The girl shook her braids. "No. Many mountain. Take you one day if gas last, never if it run out or tires break."

"Okay. Great. Got it. When I get to Lhasa, how do I find Bumba Fun?"

"Turn jeep around, drive up mountain then down mountain until you come back here. Then I take you to Bumba Fun."

Remo blinked.

"Bumba Fun is here?"

"Ray. Yes."

"Then why don't I just skip the Lhasa part and you take me to meet him here and now?"

The Tibetan girl frowned. "You not go to Lhasa?"

"I need to see Bumba Fun more."

"You could see Bumba Fun in Lhasa, too."

"How can I see him in Lhasa if he's here?"

"Bumba Fun in Lhasa and here also," the girl said.

"Are we talking about the same Bumba Fun?" Remo wanted to know.

"How many Bumba Funs you know?"

"I don't know any. How many are there?"

The girl scrunched up her face. "Fifty, maybe sixty Bumba Funs."

"How do I know where I find the right one?"

"All Bumba Funs are correct." The woman looked at Remo with about as much puzzlement, Remo figured, as he was looking at her.

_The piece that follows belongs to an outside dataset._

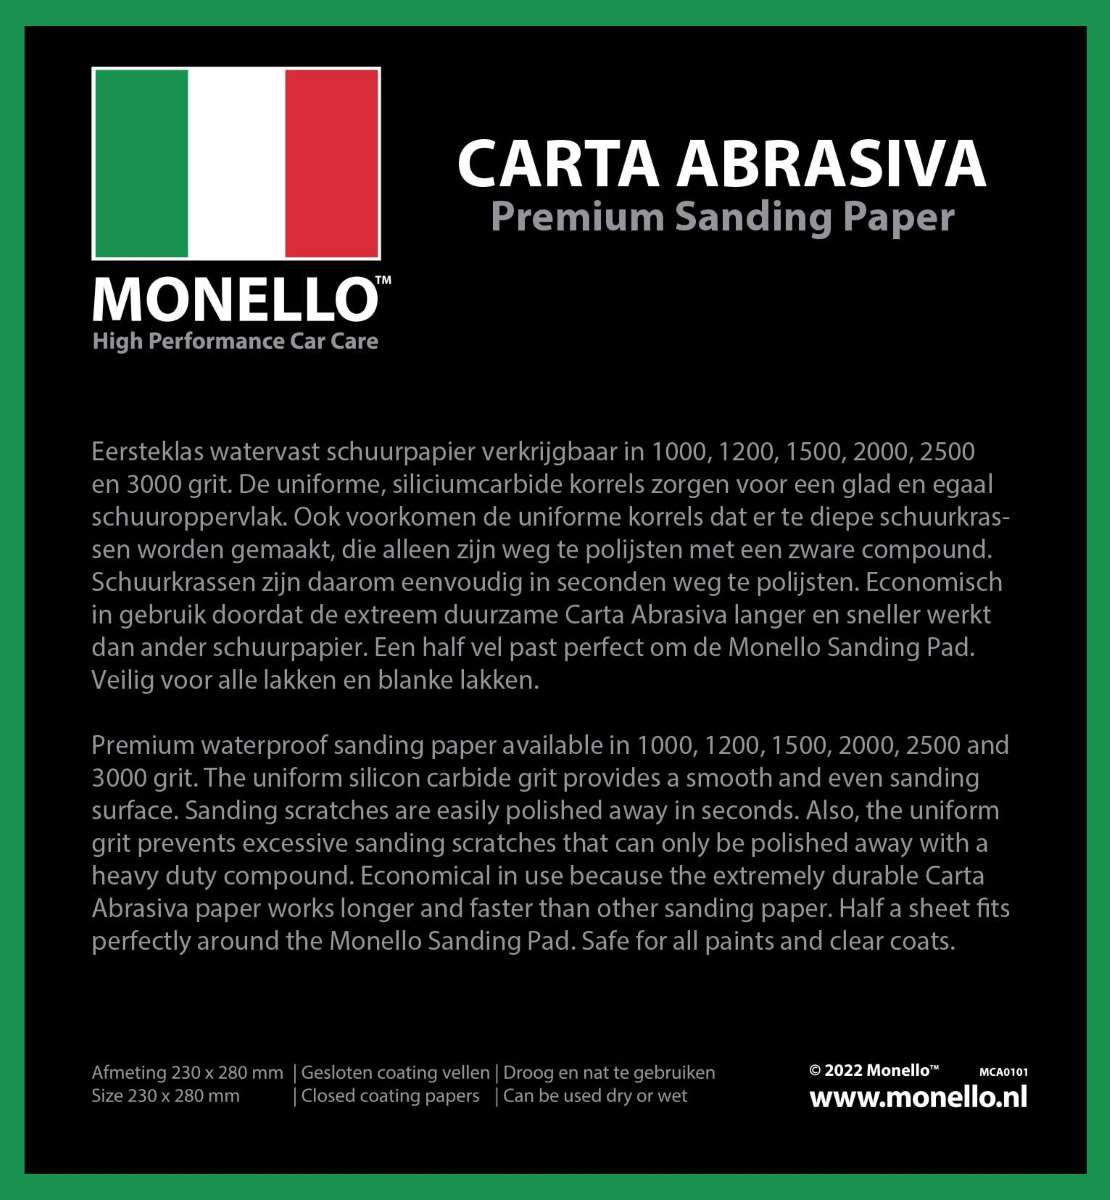 Monello_CARTA-ABRASIVA_1110.jpg

Finally she said, "You go to Lhasa to see Bumba Fun or you see Bumba Fun here?"

"I'll settle for the local Fun," said Remo, getting out of the jeep.

"Come this way," invited the girl.

"Why did everyone clap when I drove up?" Remo asked, just to keep a fascinating conversation going.

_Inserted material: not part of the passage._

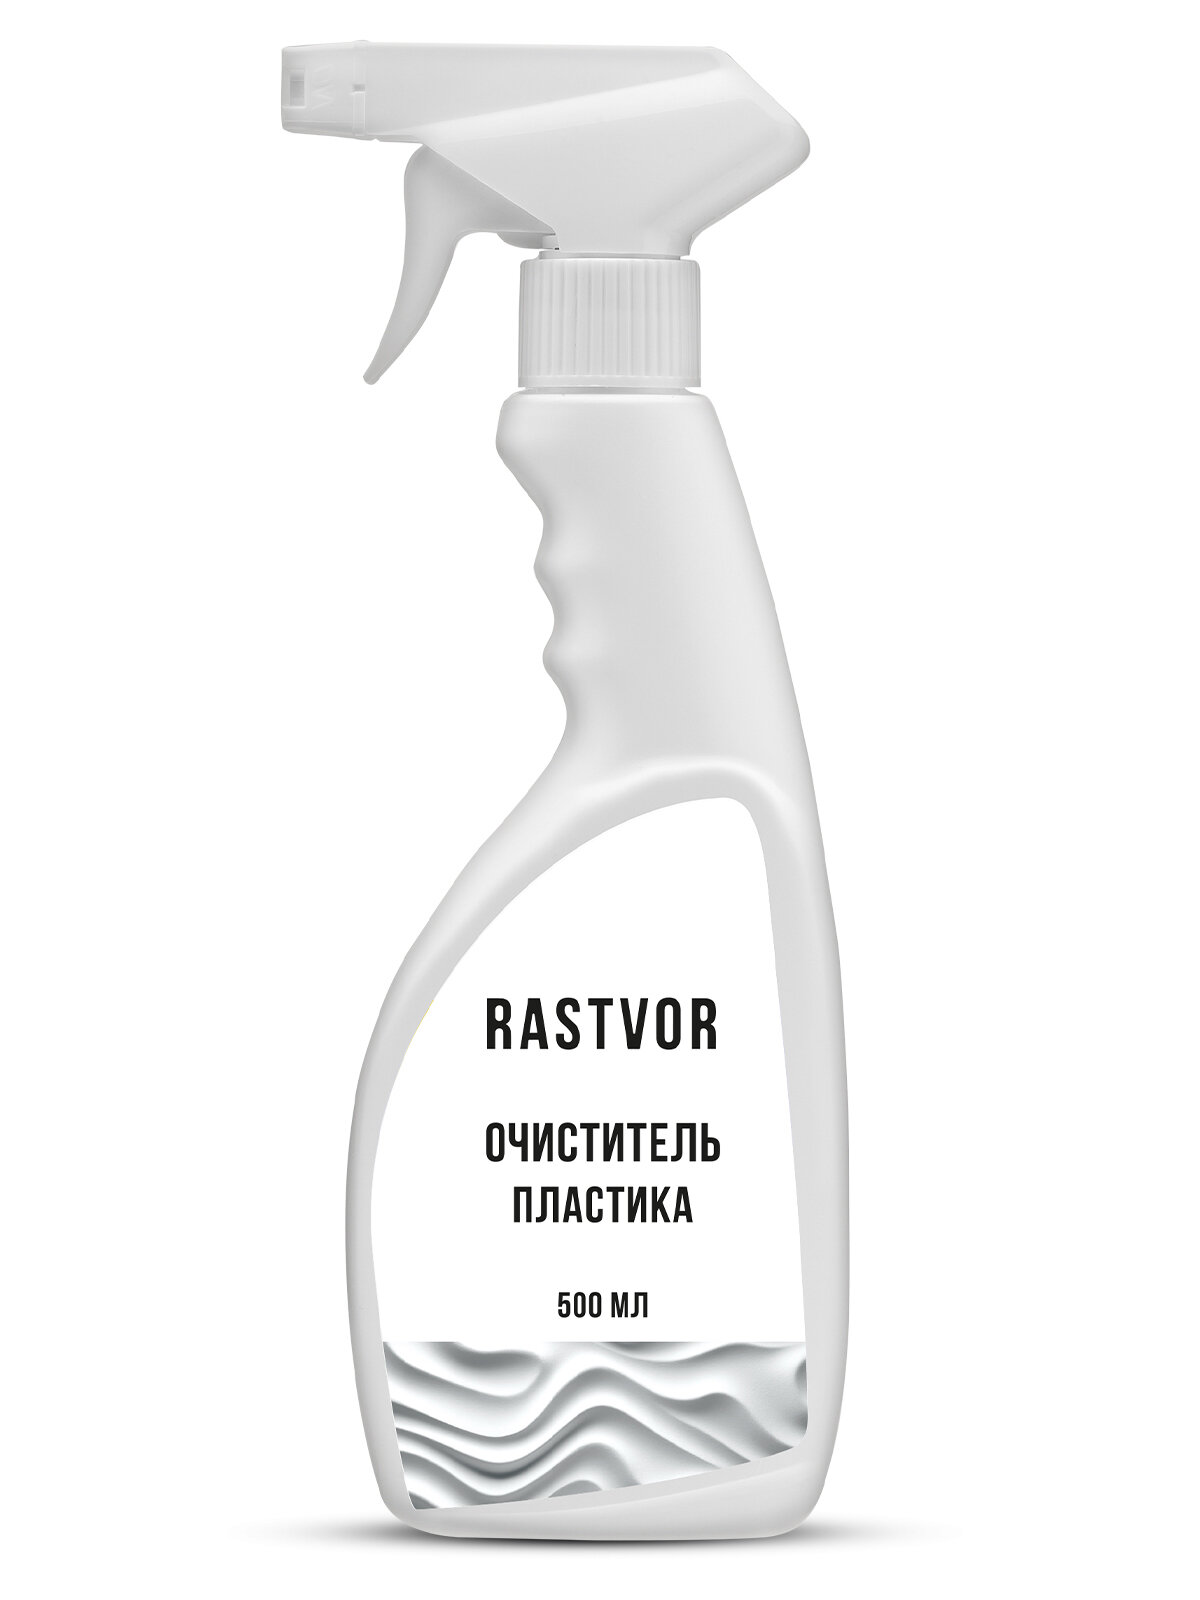 Очиститель пластика для мытья окон, RASTVOR

"At first they think you Chinese."

"Tibetans applaud the Chinese?"

The girl shook her braided hair. "Beijing insist when Chinese come, we clap to make them feel welcome even though in our hearts we want for ravens to pluck out their eyes."

"Oh."

"We call it the clapping tax."

The girl took him to a tent on the outskirts of the village and swept the entrance flap aside.

"I present to you Bumba Fun," she said.

Remo stepped in. The interior of the tent was thick with a smoky buttery odor he associated with Lobsang Drom. It was dark. There was light coming down from the smoke hole in the center of the tent roof, and it made a bright circle. Around the edge of the circle was shadow mixed with stale yak dung smoke hanging still in the air.

The man seated outside the circle of light looked old. He was big, and reminded Remo of a Mongol, except for the turquoise buttons in his earlobes and the bright red yarn interwoven in his thick hair. He looked up with one brown eye like a tiger's-eye agate. The other eye was a blind milky pearl.

"What your name, chiling?" he asked.

"Around here they call me Gonpo Jigme," Remo told him.

Behind him the Tibetan girl gasped. Bumba Fun opened his good eye to its widest.